Molecular descriptors are useful for interpreting a molecule’s properties and for encoding a molecule’s chemical information, so that we can develop a model to predict the properties of other molecules. There are thousands of descriptors that quantify different molecular features and that can be calculated using many different software tools. There are additional, experimentally derived descriptors that can also be accessed, such as databases of empirical molecular constants. Naturally, there is no shortage of documentation on descriptors, including the handbook on molecular descriptors. The below table summarizes the taxonomy of molecular descriptors. RDKit can compute 211 descriptors; let’s dive-in and calculate descriptors on our dataset.
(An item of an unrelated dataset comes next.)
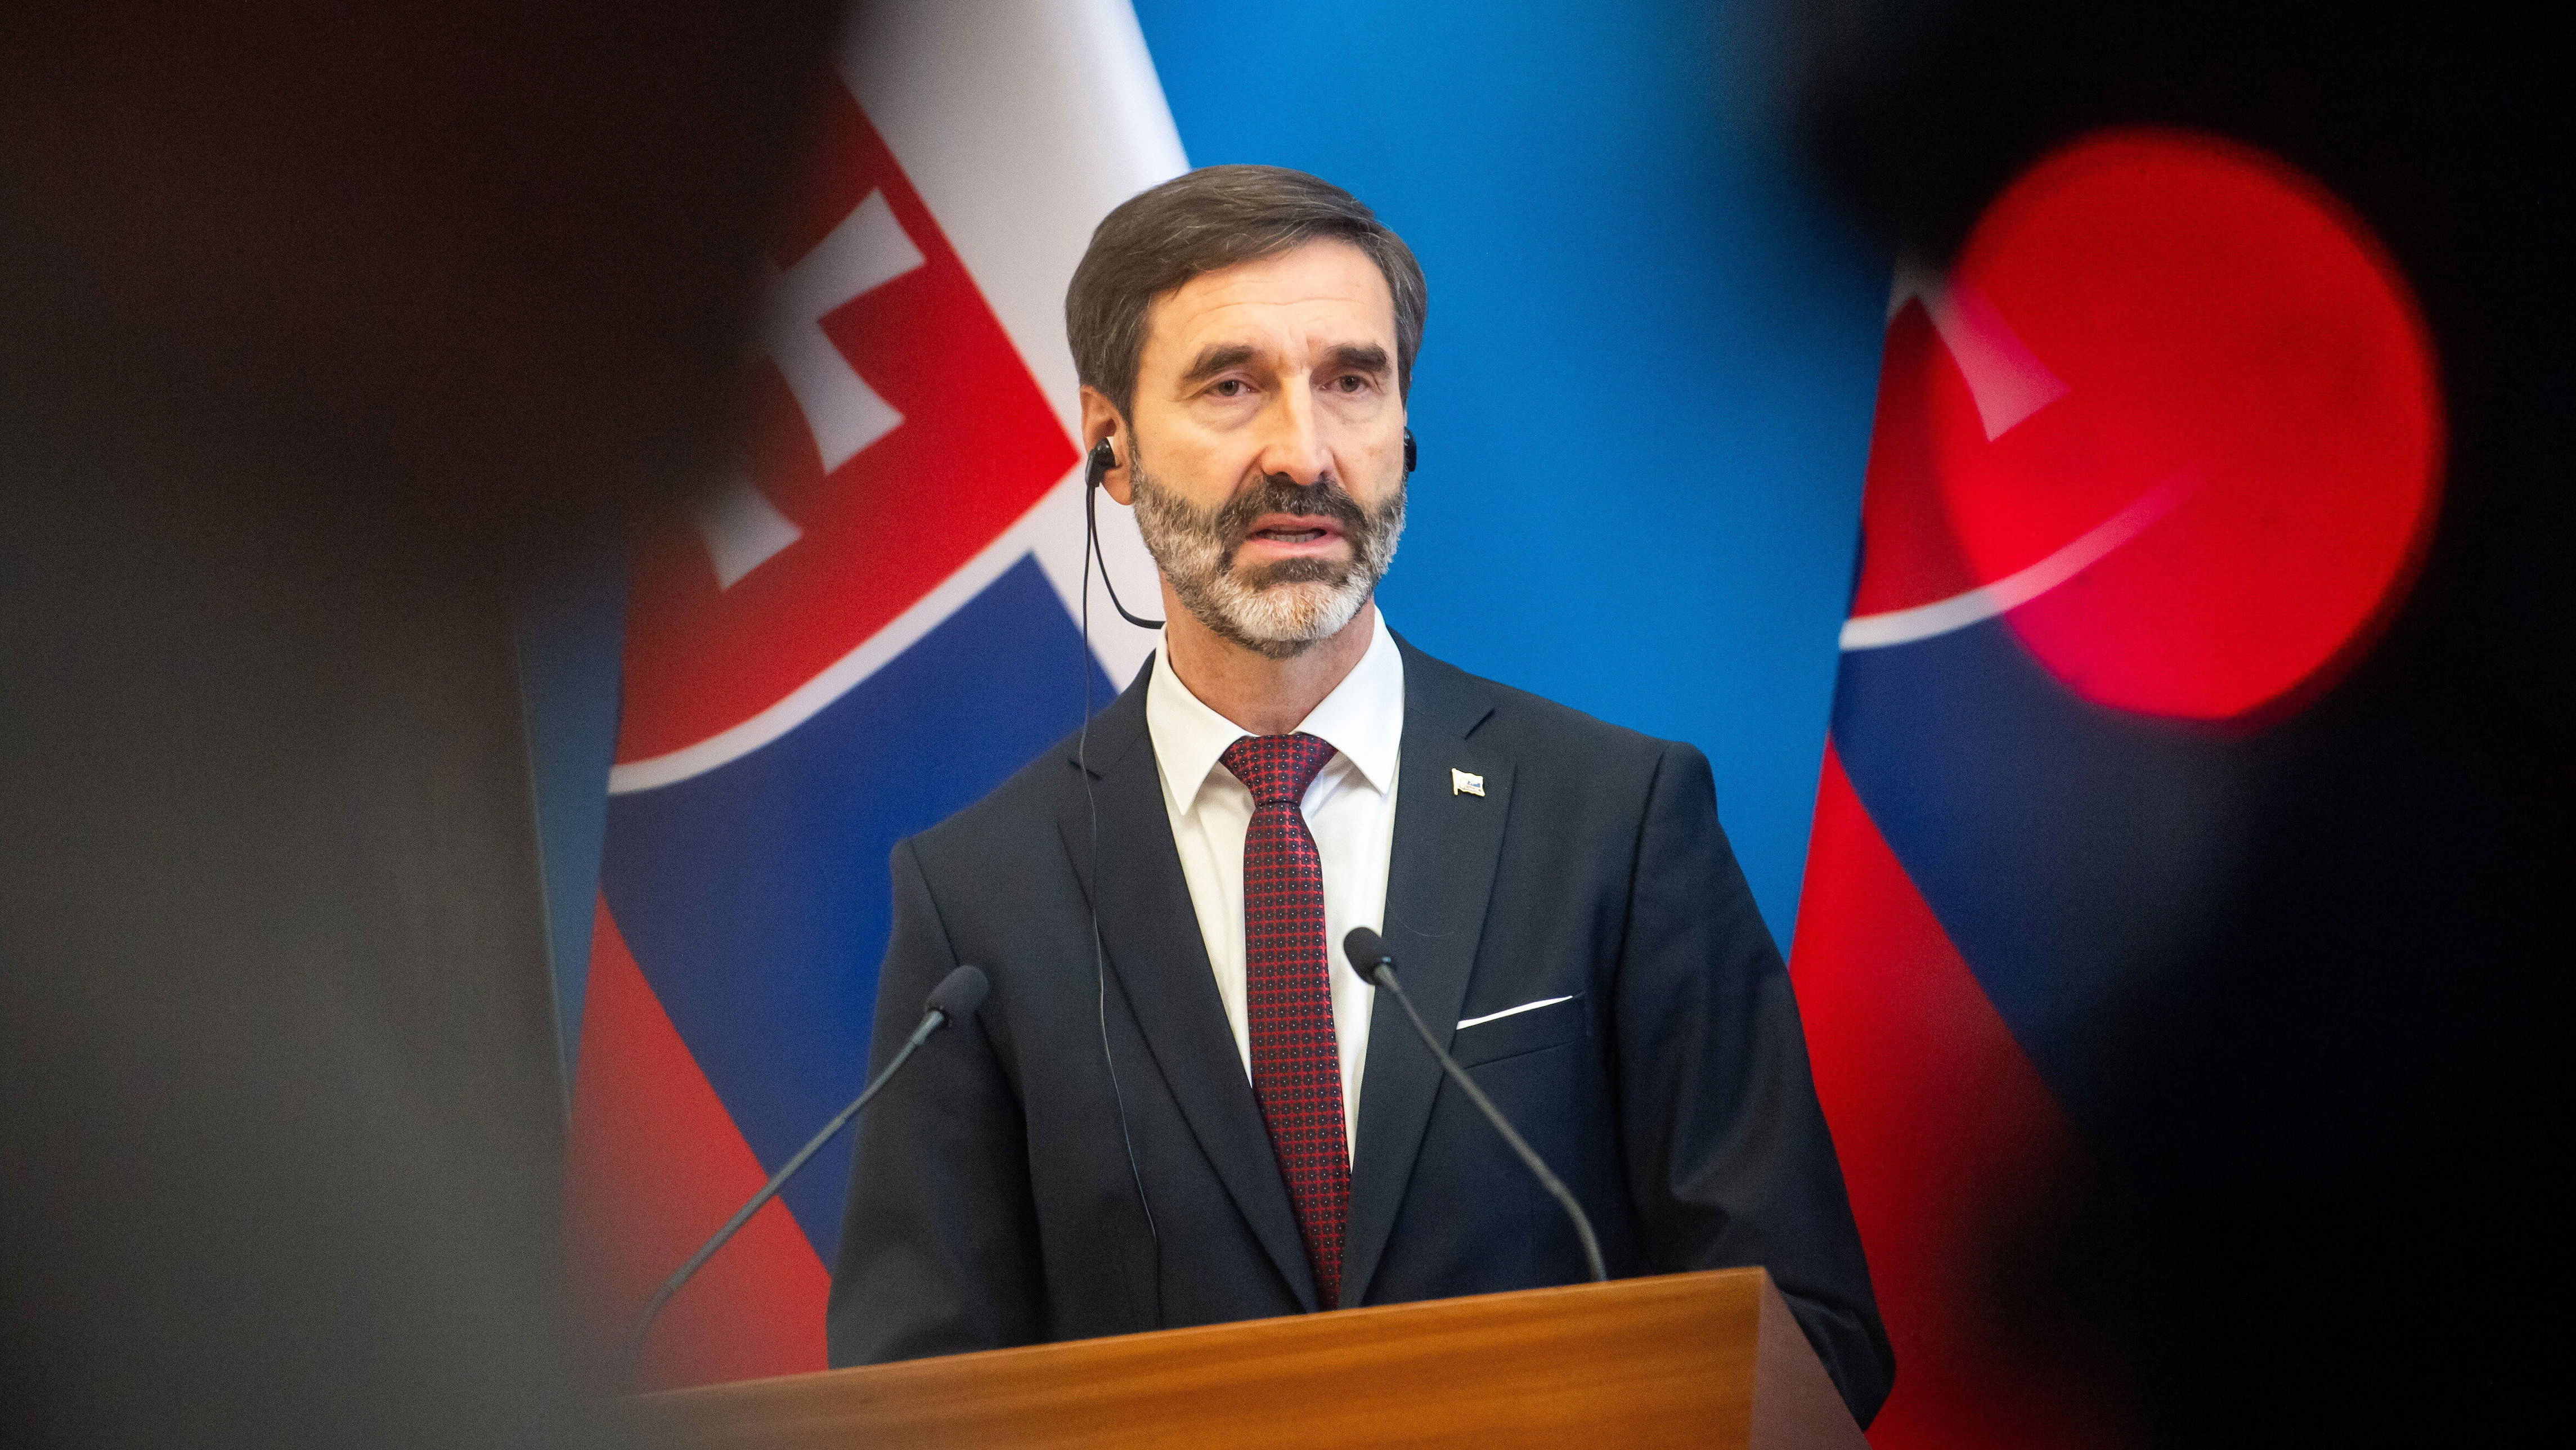 słowacki minister spotkał się z siergiejem ławrowem. przekazał jasny komunikat

![UN04](https://github.com/nrflynn2/swe-molecular-sciences/blob/main/figures/L01_UN04_Flynn.png?raw=1)

RDKit's `Descriptors` library provides implementations for 211 descriptors. We print out the first 3, which provides both the name of the descriptor and its function call.

In [None]:
from rdkit.Chem import Descriptors
print(len(Descriptors._descList))
print(Descriptors._descList[:3])

The following code block shows how we can use RDKit to compute 4 descriptors that describe each molecule’s molecular weight, number of hydrogen bond acceptors (HBAs), number of hydrogen bond donors (HBDs), and logP.

These descriptors will be useful to define a filter that removes compounds that are not "drug-like? What does it mean to be "dru-like"? Well, given a large library of compounds, we might want some simple rules to characterize them as either drug-like or not drug-like. We could then use our rules for defining drug likeness to filter out compounds that are not drug-like, leaving us to focus on a smaller set of drug-like compounds.
There are multiple guidelines for classifying compounds by their drug-likeness. Perhaps the most common and simple among them is Lipinski’s Rules or Rule of Five, which states that a compound is not drug-like if it violates more than one of the following criteria:

1.	Molecular weight less than 500 daltons
2.	Lipophilicity (calculated logP) of less than 5
3.	No more than 10 hydrogen bond acceptors
4.	No more than 5 hydrogen bond donors

Note that all the rules specify quantity limits that are multiples of five, hence Lipinski’s Rule of Five. Though beneficial for their simplicity, these rules make a crude prediction of a compound’s potential as an oral drug based on properties that affect its bioavailability. Depending on date of analysis, approximately 16% to 20% of orally administered drugs on the market violate this guideline


In [None]:
RDKIT_DESCRIPTORS = { desc : func for desc, func in Descriptors._descList }
RO5_PROPS = ['ExactMolWt', 'NumHAcceptors', 'NumHDonors', 'MolLogP']

def compute_descriptors(mol, func, missing_val=None):
  try:
    return func(mol)
  except:
    return missing_val

for desc in RO5_PROPS:
  specs[desc] = specs["mol"].apply(
    lambda x: compute_descriptors(x, RDKIT_DESCRIPTORS[desc])
  )

specs = specs.dropna(subset=RO5_PROPS)

We can use the `head()` and `describe()` functions to explore what the top 5 rows of the data set look like and to summarize basic statistics of the data set's numerical properties, respectively.

In [None]:
specs.head()

In [None]:
specs.describe()

## Compound Filters

Filtering out compounds is a low-cost, scalable maneuver to cut the fat from a large screening library and save downstream effort and resources. We can think of compound filters across two dimensions: property-based filters that consider the values of the descriptors we calculated in the previous section and substructure-based filters that consider the type and frequency of the substructures that we can decompose our molecules into.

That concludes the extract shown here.